Here's the latest on the Hawaii Democratic Party's federal court challenge to Hawaii's "open primary" election system, a case we've covered earlier. Both the Party and the defendant State of Hawaii have sought summary judgment, but according to this report ("Judge hints at ruling in Democratic Party's lawsuit"), it may be too early in the case for either side to win as a matter of law.
The issue at the heart of the case is whether Hawaii's mandatory open primary system of choosing a party's standard-bearer to run in the general election is a "severe burden" on the Party's right to association. As this story by Ian Lind in Civil Beat ("Is 'Open Primary' a 'Severe Burden' on Democrats?") notes:
That question of whether or not the “open primary” is a “severe burden” on the party will likely determine the eventual outcome of the case.
If the court agrees that the open primary creates a severe burden on the right of association, then it must subject the state’s justifications to “strict scrutiny.” Under this standard, the state’s justifications must be both “compelling” and narrowly drawn, both tough legal standards to meet.

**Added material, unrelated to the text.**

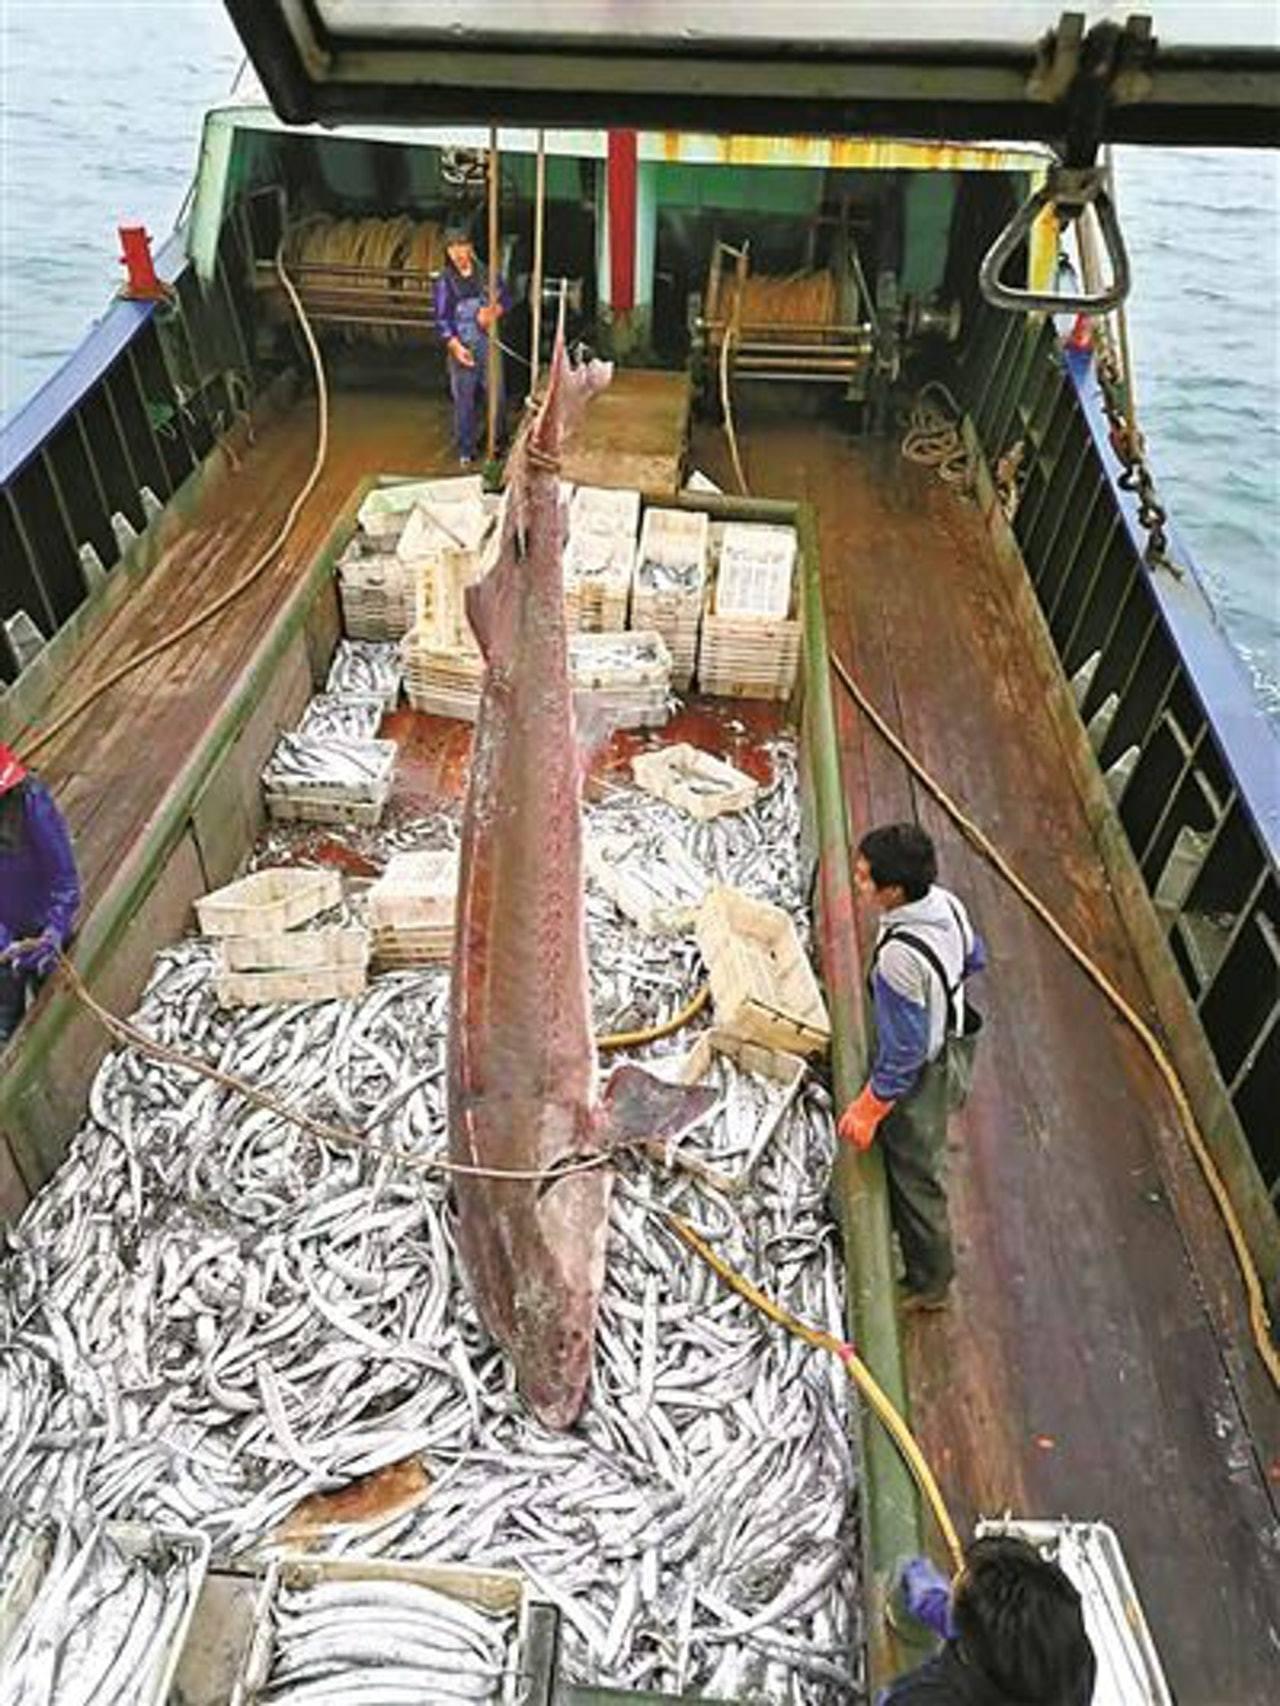 漁民撈起中華鱘後,發現其狀況非常良好,表面未見有損傷。圖/取自微博

But if the burden on the party’s rights is something less than severe, the court would apply a lower standard of review, perhaps requiring only that the state have a “rational basis” for adopting the open primary.
Honolulu attorney Robert Thomas, who is involved in the legal challenge to the state’s most recent reapportionment plan, says judges are typically reluctant to strike down constitutional provisions on facial grounds.
But a finding of a “severe burden” would likely be fatal to the state’s case and the open primary, Thomas said.
“The question here is whether they have to prove it, or whether the judge can assume it as a matter of law,” Thomas said. “I don’t think that question has been answered.”
Mr. Lind followed up on that report with "Another look at the Democratic Party lawsuit against state's 'open primary'" on his own blog, correctly concluding that "[t]he case is a classic clash of two constitutional rights," the Party's right to association and to determine who votes to choose the Party's general election candidate on one hand, and on the other, the voters' rights to choose their representatives in primary elections, which, in Hawaii's deep-blue political environment, often determine who wins the general election. The open primary system, which allows anyone to associate on primary election day with the Democratic Party for that day (or longer), is a voter-focused process. The Party's associational right to choose its standard-bearer, however, could be the trump card, since the U.S. Supreme Court in California Democratic Party v. Jones, 530 U.S. 567 (2000), affirmed that principle is very tough to overcome.
Legalities aside, what to us makes this case intriguing is the very fact that the Democratic Party -- whose members form the overwhelming majority of Hawaii's federal, state, and local elected officials -- found this lawsuit a necessary or wise move. You'd think that if the mandatory open primary resulted in general election candidates who diluted Democratic Party values, the Party could gets its elected members to try and change the law, rather than file a lawsuit that most of its elected officials have publicly disavowed, and, as the Civil Beat story notes, the public has shown only a "collective yawn" at.
What this indicates to us is that the Party's leaders really want a more ideological Democratic Party, and perhaps this lawsuit, while not exactly popular, is part of a long-term gambit to take the Party -- and Hawaii -- further into the blue territory. If that happens, expect even more aggressive legislation, which, unless the other party suddenly finds political legs that it hasn't had for decades (or takes advantage of this by positioning itself as the "big tent" party), would mean that Hawaii's leftward arc would not only continue but would likely accelerate. The Democratic Party leaders appear to be gambling that the Hawaii GOP will remain weak, so we at least won't be subject to ideologically-based political battles as we've recently witnessed from Washington. But if that prediction is wrong, a couple of results may be in the cards: a pitch by the Hawaii GOP for the middle, for those voters who are no longer welcome in the Hawaii Democrats' ideological litmus-test primary, and if that is successful, legislative turf wars between a more-idelogical Hawaii Democratic Party and a moderated-but-still-likely-minority Hawaii GOP.